According to the Institute of Medicine, one in three Americans has hypertension and many don't know their blood pressure is elevated, putting them at risk for several deadly diseases. For example, hypertension is blamed for more than one-third of heart attacks. It's also a leading cause of strokes and kidney failure, plays a role in blindness and can contribute to dementia, too.

Scientists have searched for environmental factors that might play a role in the development of high blood pressure — and it appears a big connection to diet has been found. Diana Jalal, MD, of the University of Colorado Denver Health Sciences Center, and her colleagues have come up with evidence that the rise in the rate of hypertension over the past hundred years is directly related to the increase in the consumption of fructose.

Dr. Jalal and her research team analyzed data from the National Health and Nutrition Examination Survey collected from 2003 to 2006. Their study involved 4,528 US adults 18 years of age or older with no prior history of hypertension. The research subjects answered questions about their consumption of foods and beverages such as fruit juices, soft drinks, bakery products, and candy sweetened with fructose (primarily HFCS).

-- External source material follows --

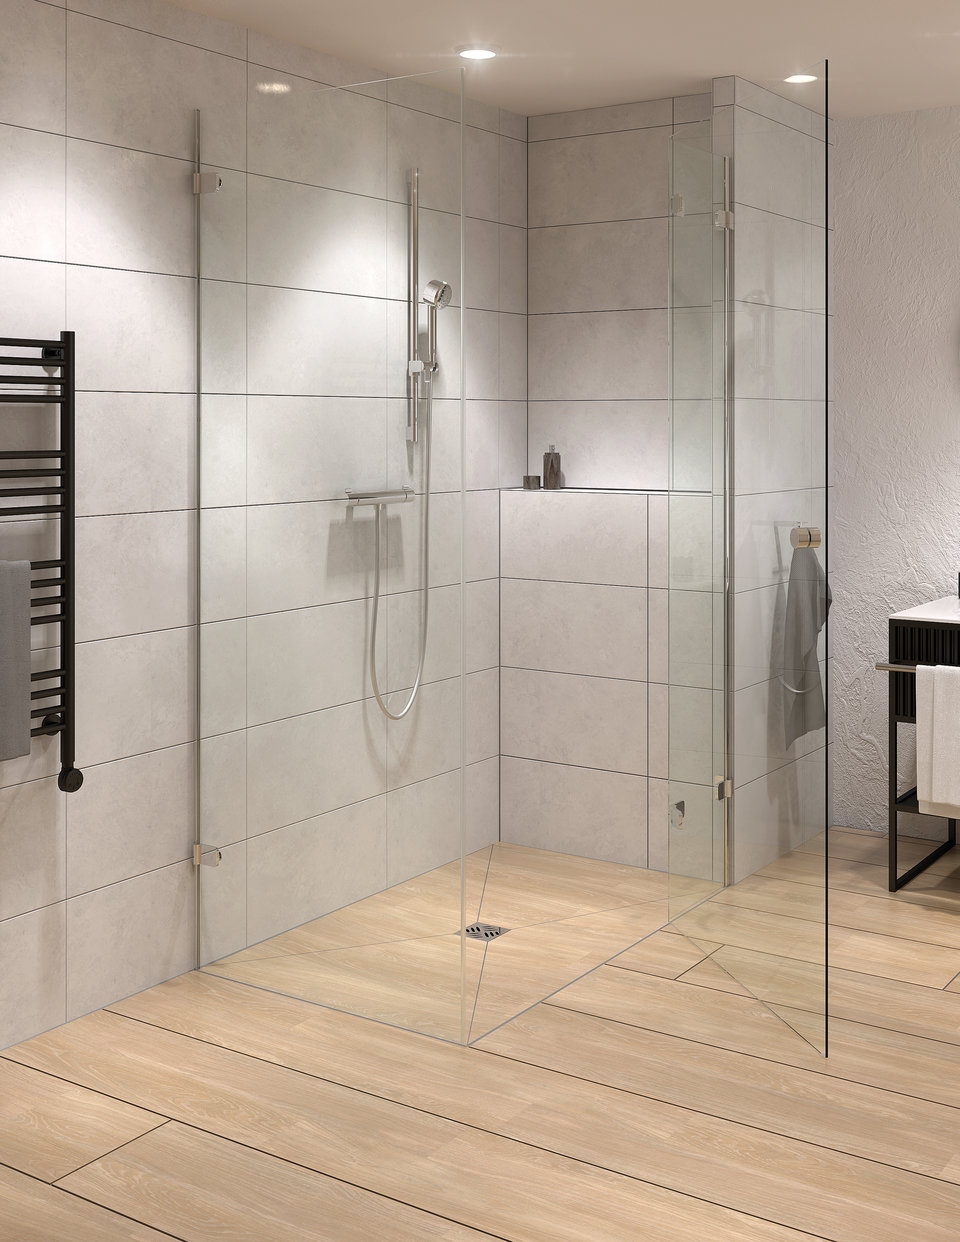 Barrier-free shower element that can be tiled

The results, just published in the Journal of the American Society Nephrology (JASN), showed that people whose diet contained 74 grams or more per day of fructose — the equivalent of drinking about 2 and a half soft drinks daily — had a greatly increased risk of high blood pressure. A normal blood pressure reading is below 120/80 mmHg. But for research participants consuming fructose regularly, the risk of a high blood pressure level of 134/85 went up 26 percent and the risk of having a blood pressure reading of 140/90 climbed by 30 percent. However, the risk of very high blood pressure — 160/100 — was 77 percent higher in those consuming fructose sweetened foods and drinks on a daily basis.

According to the scientists, their findings suggest that cutting back on foods and beverages containing a lot of fructose might decrease the risk of developing hypertension. "Our study identifies a potentially modifiable risk factor for high blood pressure," Dr. Jalal said in a statement to the media. "However, well-planned prospective randomized clinical studies need to be completed to see if low fructose diets will prevent the development of hypertension and its complications."